In a day when there was no form of communication other than the delivery of messages by physical presence (whether oral or written, someone had to take the message to where it needed to be), and when all travel on land was by foot or beast, the leaders in Jerusalem were nevertheless able to assume that their decision about the Gentiles and the Jewish law would reach the tiny Christian communities scattered around the Mediterranean rim. This assumption was grounded in the practice the churches had long observed -- the sending of key Christian leaders from community to community.

In this case, in addition to Paul and Barnabas, the “apostles and elders” in Jerusalem chose Judas and Silas to go to Antioch with their message (15:24-27). After delivering the message there, Judas and Silas were “sent off in peace” to those who had originally sent them. In returning to Jerusalem, these two men were strengthening the line of connection between the Christians in Antioch with those in the Jerusalem community. Paul and Barnabas then decided that they should, in turn, “go back and visit the brothers and sisters in every city where we proclaimed the word of the Lord” (15:36).

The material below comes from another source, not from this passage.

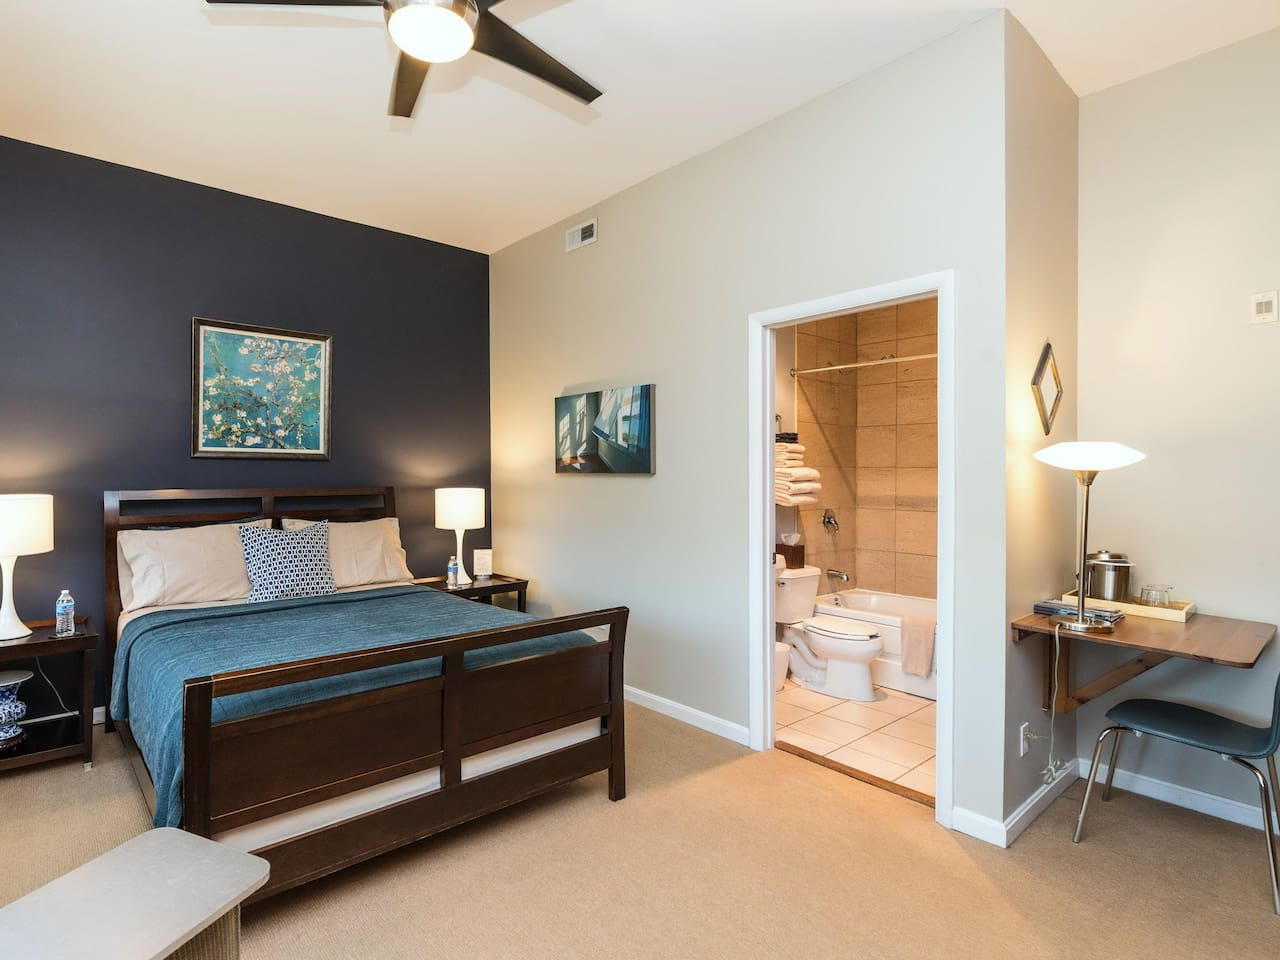 Queen Guest Room - a Business Traveler's Dream!

That they could not agree on whom to take is not as important as the fact that even after their disagreement, both Paul and Barnabas went to visit Christian communities and take the news (15:36-41). Barnabas sailed to the Christians on Cyprus (cf. 13:4-12), and Paul “went through Syria and Cilicia, strengthening the churches” (15:41). In short, without the networked life that was early Christianity, the effectiveness of the Jerusalem Council’s decision in the life of the Christian churches would not have been possible.

It is no accident, of course, that the words “community” and “communicate” derive from the same Latin root ( communicare). Community without communication is a contradiction. The early Christians may not have formulated it in just this way, but they knew its truth. By developing and maintaining the links between their geographically separate communities, they displayed in a very practical sense their understanding that being one church required constant communication.

Indeed, establishing the language of “brother and sister” as a serious option for how to read other people -- Christians across the Mediterranean, regardless of other differences -- is literally inconceivable without the networks needed to sustain a common sense of identity and purpose. Networking in a serious sense does not automatically lead to a common sense of identity and purpose, but without networking it is hard to imagine that a unified identity and purpose could ever be maintained. To put it simply: as the book of Acts shows, the early church found networking to be indispensable for their thriving in the deepest sense -- their ability to be Christians.